It’s taken me 8 months to shore up the courage to write this out, not out of indifference to the situation but largely because of fear & sadness that it’s still going on. If you have been visiting the website for updates (or had given up months ago and just happened to stop by at the right time), you may have noticed that around October 2017, I had some big plans and big ideas about how I wanted the website to continue — I was hunting for a nice new layout, had a store in mind, was working on my other etsy projects… Suffice to say, life does not always go as planned.
Due to personal family issues, a poor local job market, health problems from long, high levels of daily stress, I basically crashed. Not crashed in a way that you flop yourself on the bed at the end of a shite day, or find a home in a pint of something while you binge-watch Youtube for 5 hours straight. Crash in the sense that a car crashes, or a train derails, or you literally pass out after 3 days of not sleeping. Crash in a way that is as physically jarring as it is psychologically jarring.
It is now August 2018 (almost) and I can safely say that I have not produced any art since October of 2017.
I could spend hours writing up an entry about all of the factors that have made this happen, but in the almost-year since it has occurred, I realize that it wouldn’t change anything and it wouldn’t make the struggle of not being able to produce anything feel any more founded. It feels more like the setup to a philosophical question, “What do you call the period of time in which an Artist fails to Art?” Is it a hiatus, even if its not planned? Is it an Art Block if it’s not from lack of ideas, but from lack of being able to make them manifest? I can’t really get any new viewers (or as I’ve found, charge any Patreon patrons) if I’m not creating new things, or going to conventions, or showing that I’m active in any new way. I can’t really start any new projects or partnerships if the thing I am trying to share is not actively being made.
So I have been thinking: Should I keep this website? Should I leave it up as the bones of an aging dinosaur so people can see things that I did? For those who are reading this, the answer is ‘for the moment, yes.’ But I don’t know what the long term of that is. I don’t know when I will be able to start making new art, let-alone making new art that I feel comfortable sharing– or, perhaps, is a quality I feel worth sharing.
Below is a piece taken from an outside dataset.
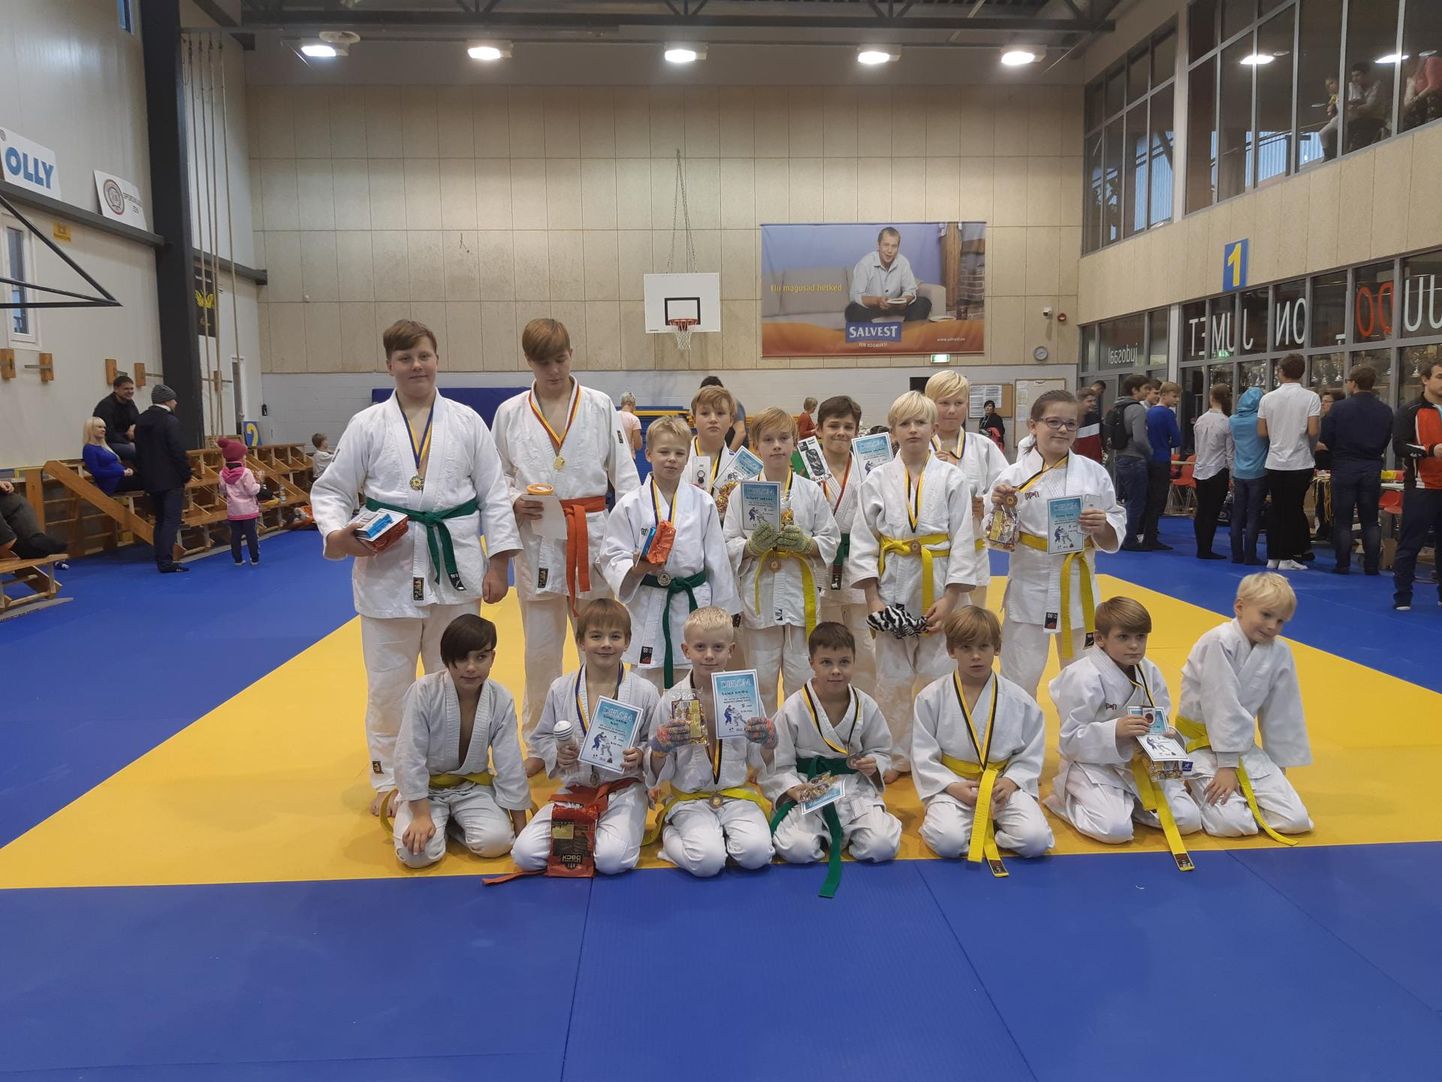 Edukad Pärnu judoklubi Samurai noorsportlased peale autasustamist.
 

I am leaving up old gallery images and the like for now in hopes that at least people can see that at one point, I was able Art. When that may come back & to what extent it does, I don’t know.
There is a deep hope that in having to go through this period of loss and stagnation that I will have a better appreciation for whatever ends up coming out of the end of it. In the meantime, I ask for your patience and tenderness with me while I am feeling as vulnerable as I have been for the last year.